*** Opening GIVEN ENTRIES ***

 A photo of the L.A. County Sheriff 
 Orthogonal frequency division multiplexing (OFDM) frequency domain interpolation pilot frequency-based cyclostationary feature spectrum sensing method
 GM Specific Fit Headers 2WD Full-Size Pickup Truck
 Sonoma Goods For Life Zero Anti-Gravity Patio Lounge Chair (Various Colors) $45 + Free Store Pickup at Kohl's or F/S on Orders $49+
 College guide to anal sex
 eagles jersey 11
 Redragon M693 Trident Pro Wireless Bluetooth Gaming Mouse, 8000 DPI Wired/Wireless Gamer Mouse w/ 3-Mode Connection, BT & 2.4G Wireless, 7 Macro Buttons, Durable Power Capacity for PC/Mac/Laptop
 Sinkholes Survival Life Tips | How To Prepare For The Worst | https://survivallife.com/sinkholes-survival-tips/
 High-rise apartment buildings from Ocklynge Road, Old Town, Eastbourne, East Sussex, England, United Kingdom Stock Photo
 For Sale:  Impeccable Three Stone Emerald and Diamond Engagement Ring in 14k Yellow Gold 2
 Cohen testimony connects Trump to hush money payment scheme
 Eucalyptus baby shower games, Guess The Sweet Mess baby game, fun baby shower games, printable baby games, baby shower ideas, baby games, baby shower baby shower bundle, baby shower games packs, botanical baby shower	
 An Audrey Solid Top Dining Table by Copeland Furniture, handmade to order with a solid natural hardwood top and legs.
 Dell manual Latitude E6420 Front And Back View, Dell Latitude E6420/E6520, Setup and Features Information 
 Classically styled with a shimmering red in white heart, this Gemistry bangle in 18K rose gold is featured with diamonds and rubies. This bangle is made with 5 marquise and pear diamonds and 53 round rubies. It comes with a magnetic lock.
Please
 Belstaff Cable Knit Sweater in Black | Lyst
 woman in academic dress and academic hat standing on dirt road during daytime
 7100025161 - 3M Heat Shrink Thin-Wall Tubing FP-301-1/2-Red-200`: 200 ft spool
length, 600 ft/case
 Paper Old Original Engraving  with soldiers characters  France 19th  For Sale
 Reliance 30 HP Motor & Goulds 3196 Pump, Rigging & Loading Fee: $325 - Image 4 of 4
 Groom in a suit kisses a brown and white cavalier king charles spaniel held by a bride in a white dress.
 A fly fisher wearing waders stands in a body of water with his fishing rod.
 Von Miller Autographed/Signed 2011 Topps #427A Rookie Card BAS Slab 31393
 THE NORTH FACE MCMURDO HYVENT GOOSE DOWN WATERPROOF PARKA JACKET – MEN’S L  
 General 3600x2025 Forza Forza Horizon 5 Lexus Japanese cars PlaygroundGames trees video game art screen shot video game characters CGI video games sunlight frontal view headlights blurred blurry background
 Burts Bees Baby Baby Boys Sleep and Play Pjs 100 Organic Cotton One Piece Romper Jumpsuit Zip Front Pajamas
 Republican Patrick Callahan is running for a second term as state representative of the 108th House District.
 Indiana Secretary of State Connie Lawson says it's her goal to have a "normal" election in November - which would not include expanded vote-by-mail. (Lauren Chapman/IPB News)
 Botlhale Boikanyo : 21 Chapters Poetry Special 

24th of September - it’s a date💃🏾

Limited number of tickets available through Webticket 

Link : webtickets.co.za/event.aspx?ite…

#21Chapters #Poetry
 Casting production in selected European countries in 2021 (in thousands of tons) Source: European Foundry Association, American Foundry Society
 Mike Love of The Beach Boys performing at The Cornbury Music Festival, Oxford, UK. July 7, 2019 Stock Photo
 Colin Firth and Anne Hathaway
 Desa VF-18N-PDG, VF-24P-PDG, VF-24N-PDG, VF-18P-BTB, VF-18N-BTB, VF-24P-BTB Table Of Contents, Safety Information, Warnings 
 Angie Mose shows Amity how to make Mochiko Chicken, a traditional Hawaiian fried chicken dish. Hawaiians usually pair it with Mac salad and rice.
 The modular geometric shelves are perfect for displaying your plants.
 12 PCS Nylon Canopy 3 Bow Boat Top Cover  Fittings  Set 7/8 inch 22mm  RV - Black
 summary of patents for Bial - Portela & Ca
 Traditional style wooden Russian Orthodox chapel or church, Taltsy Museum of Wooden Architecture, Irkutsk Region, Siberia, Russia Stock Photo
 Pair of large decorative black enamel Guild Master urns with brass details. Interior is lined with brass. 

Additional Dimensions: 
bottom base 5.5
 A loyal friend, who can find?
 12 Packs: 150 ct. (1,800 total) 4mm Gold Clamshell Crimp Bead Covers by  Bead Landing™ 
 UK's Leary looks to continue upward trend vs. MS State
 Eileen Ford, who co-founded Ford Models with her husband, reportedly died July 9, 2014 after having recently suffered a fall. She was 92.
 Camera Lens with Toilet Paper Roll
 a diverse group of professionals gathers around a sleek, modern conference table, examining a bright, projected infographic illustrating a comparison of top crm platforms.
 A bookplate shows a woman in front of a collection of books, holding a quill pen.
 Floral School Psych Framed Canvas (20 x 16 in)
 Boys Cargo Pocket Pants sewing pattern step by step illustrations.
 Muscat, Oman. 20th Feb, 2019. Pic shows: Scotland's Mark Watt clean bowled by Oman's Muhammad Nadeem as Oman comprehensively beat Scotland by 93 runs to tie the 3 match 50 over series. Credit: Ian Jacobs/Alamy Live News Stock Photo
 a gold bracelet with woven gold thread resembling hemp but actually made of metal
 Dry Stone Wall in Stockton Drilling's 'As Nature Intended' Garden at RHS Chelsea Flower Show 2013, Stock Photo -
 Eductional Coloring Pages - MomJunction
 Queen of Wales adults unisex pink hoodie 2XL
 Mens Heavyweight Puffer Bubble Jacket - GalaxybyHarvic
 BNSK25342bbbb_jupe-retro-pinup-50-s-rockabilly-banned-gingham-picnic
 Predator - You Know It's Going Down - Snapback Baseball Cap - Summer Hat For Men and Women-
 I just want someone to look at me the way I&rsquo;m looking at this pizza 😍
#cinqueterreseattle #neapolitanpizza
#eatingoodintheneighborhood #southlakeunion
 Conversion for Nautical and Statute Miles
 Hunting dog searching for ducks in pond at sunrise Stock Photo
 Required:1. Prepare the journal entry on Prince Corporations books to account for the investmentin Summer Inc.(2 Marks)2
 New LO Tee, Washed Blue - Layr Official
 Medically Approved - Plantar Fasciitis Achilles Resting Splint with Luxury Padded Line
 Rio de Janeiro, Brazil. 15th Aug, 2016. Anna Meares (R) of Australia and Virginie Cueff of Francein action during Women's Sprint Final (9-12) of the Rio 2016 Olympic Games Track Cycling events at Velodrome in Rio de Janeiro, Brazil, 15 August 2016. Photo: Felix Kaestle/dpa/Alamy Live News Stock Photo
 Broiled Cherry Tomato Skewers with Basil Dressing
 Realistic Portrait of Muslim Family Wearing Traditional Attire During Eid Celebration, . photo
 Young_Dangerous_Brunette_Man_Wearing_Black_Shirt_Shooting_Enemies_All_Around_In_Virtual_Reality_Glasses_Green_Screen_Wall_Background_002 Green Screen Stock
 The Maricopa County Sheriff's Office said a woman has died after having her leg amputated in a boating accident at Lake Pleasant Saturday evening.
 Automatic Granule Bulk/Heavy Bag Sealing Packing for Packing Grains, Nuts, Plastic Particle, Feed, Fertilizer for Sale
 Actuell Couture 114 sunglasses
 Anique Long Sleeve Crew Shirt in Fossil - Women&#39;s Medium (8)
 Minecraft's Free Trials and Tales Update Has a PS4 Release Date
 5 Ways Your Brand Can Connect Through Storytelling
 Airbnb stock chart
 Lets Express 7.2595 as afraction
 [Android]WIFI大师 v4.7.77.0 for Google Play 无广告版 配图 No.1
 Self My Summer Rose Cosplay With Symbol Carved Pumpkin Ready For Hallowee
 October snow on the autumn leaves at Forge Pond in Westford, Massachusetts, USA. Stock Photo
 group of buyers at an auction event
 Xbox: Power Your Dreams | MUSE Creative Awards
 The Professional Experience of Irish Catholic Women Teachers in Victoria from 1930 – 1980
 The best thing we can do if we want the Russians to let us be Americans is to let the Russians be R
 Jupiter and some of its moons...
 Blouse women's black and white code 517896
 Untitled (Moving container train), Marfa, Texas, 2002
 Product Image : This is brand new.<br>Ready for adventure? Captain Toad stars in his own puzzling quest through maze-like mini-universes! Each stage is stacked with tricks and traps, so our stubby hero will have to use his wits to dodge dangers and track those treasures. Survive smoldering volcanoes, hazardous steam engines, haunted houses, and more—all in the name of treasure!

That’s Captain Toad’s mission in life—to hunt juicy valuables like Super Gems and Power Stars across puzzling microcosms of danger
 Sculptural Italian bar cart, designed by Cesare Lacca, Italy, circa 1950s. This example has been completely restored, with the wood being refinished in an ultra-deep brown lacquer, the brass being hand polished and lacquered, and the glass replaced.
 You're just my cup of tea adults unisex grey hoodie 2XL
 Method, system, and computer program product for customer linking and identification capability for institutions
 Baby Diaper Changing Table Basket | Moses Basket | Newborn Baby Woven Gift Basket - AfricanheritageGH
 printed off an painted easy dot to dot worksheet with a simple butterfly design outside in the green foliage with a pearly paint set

*** Closing GIVEN ENTRIES ***

In the listing, count every line holding the word "want"; answer with the count alone.

## [RESULT OF THIS EXERCISE]
2